### AIM OF THE TASK
Beginning with the line containing "Engine oil Q8Oils" and ending with the line containing "Blooming rose clerodendrum", write out each line of the records below exactly; pictures and lines outside that range are left out.

### DATA

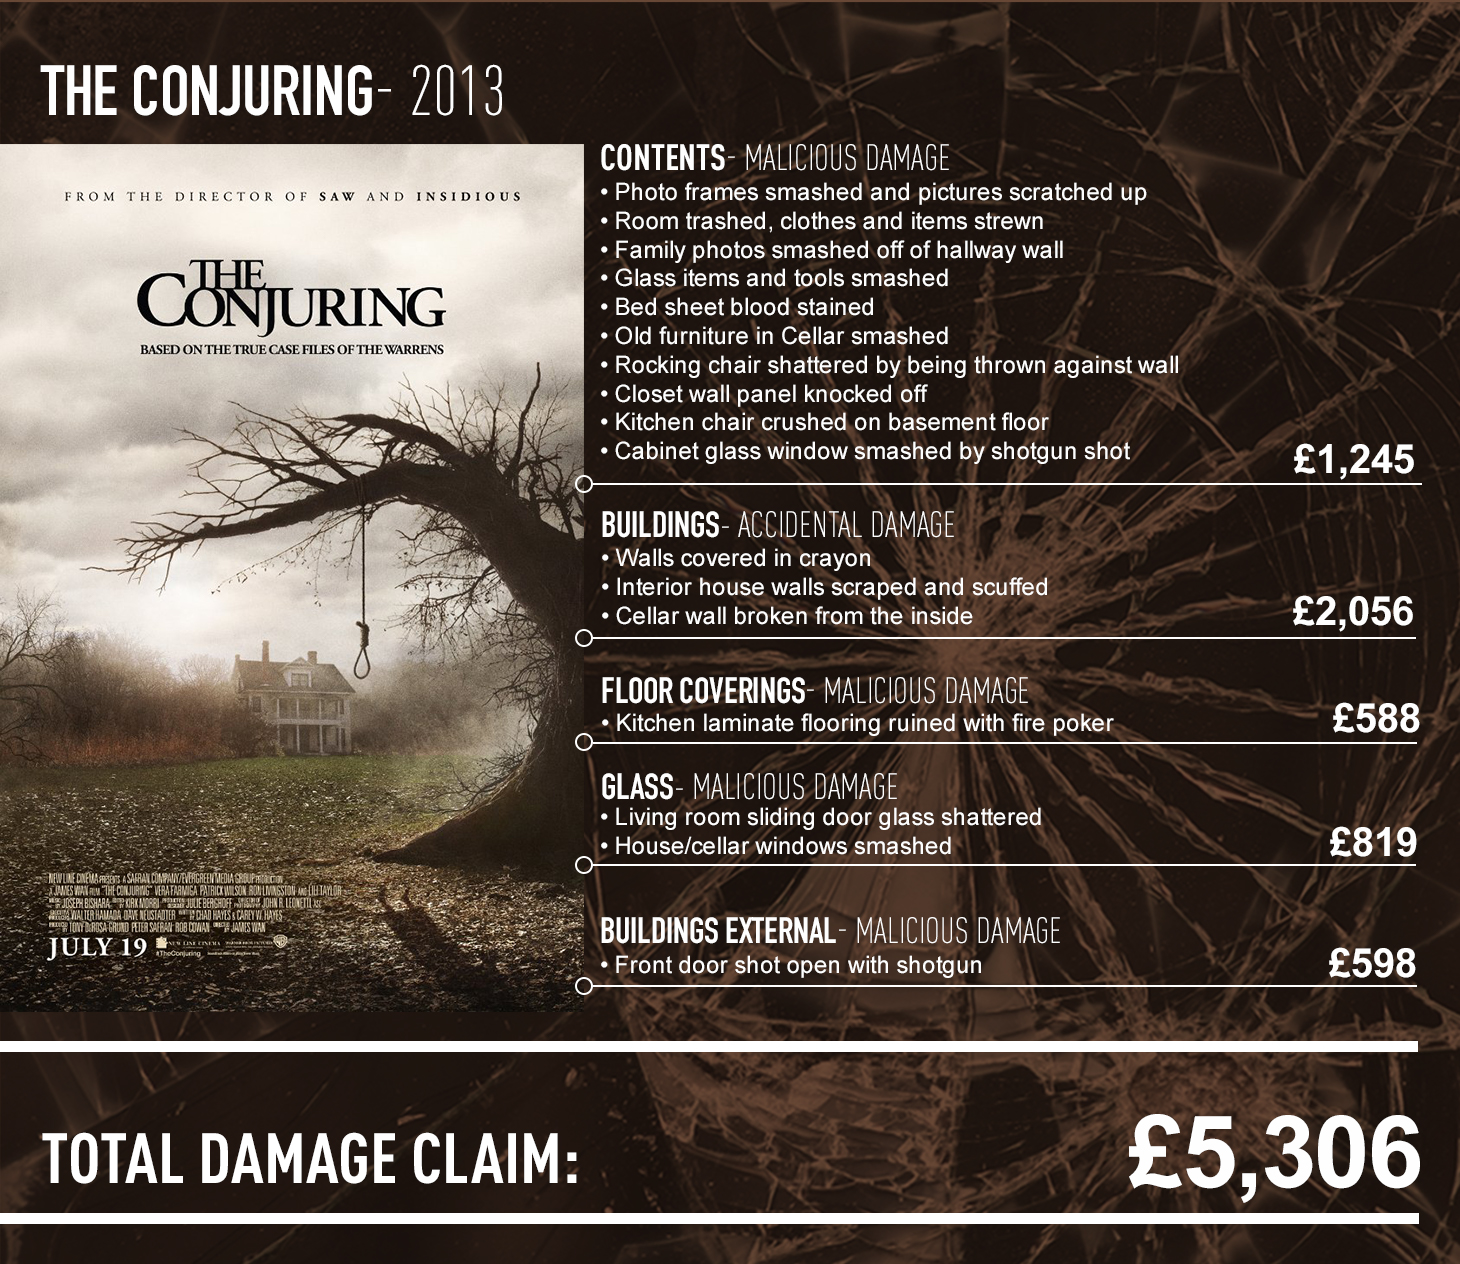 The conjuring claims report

---

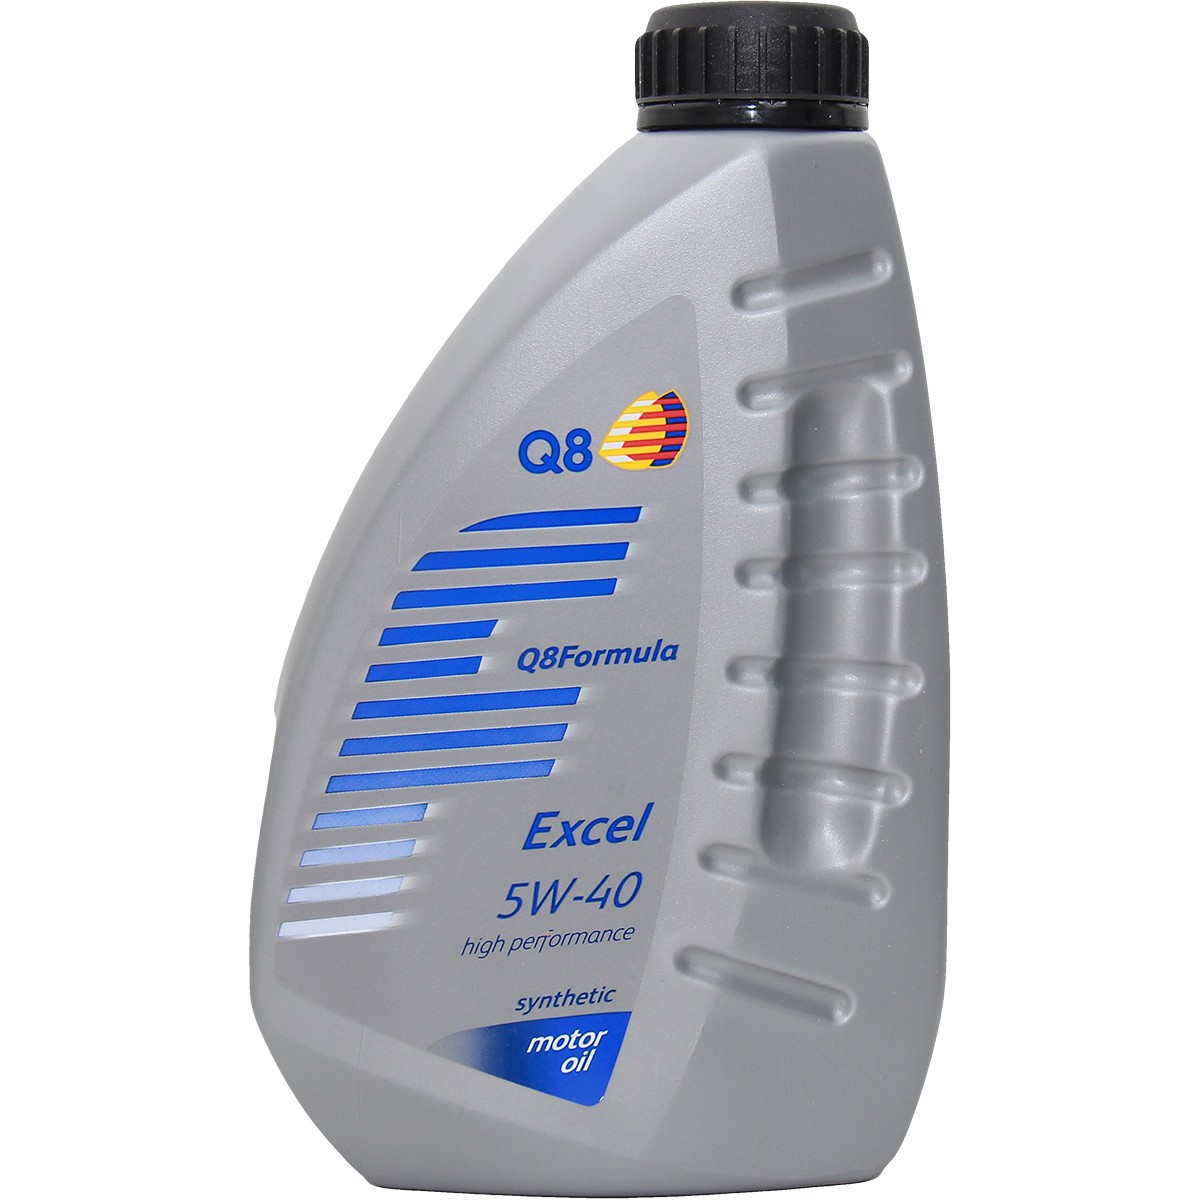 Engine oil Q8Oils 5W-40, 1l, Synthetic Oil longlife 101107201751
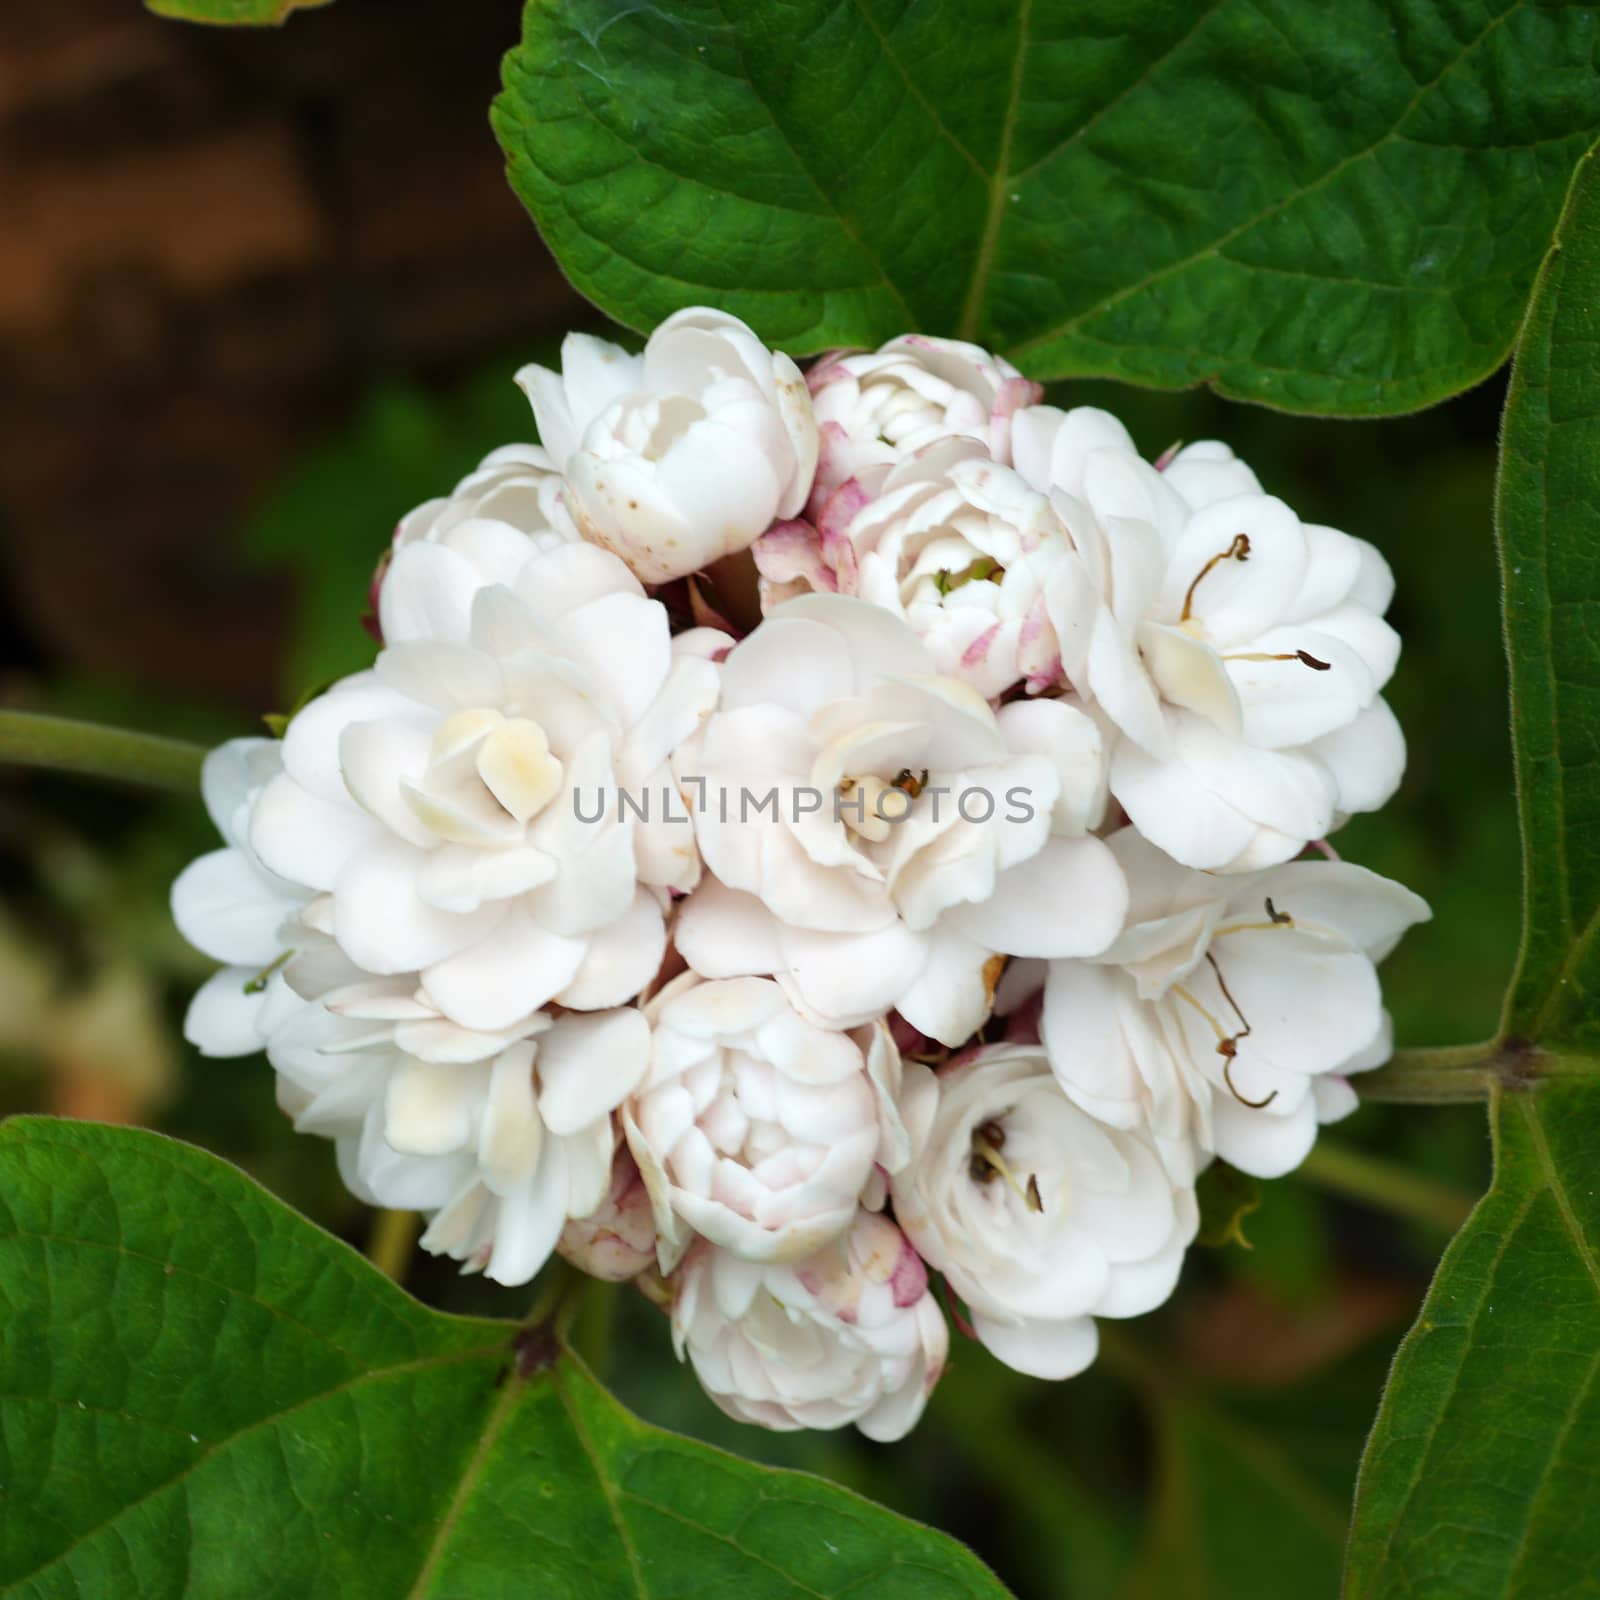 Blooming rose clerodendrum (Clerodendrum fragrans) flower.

==

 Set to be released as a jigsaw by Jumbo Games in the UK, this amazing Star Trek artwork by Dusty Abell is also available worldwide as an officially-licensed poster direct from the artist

### WRITTEN SOLUTION
 Engine oil Q8Oils 5W-40, 1l, Synthetic Oil longlife 101107201751
 Blooming rose clerodendrum (Clerodendrum fragrans) flower.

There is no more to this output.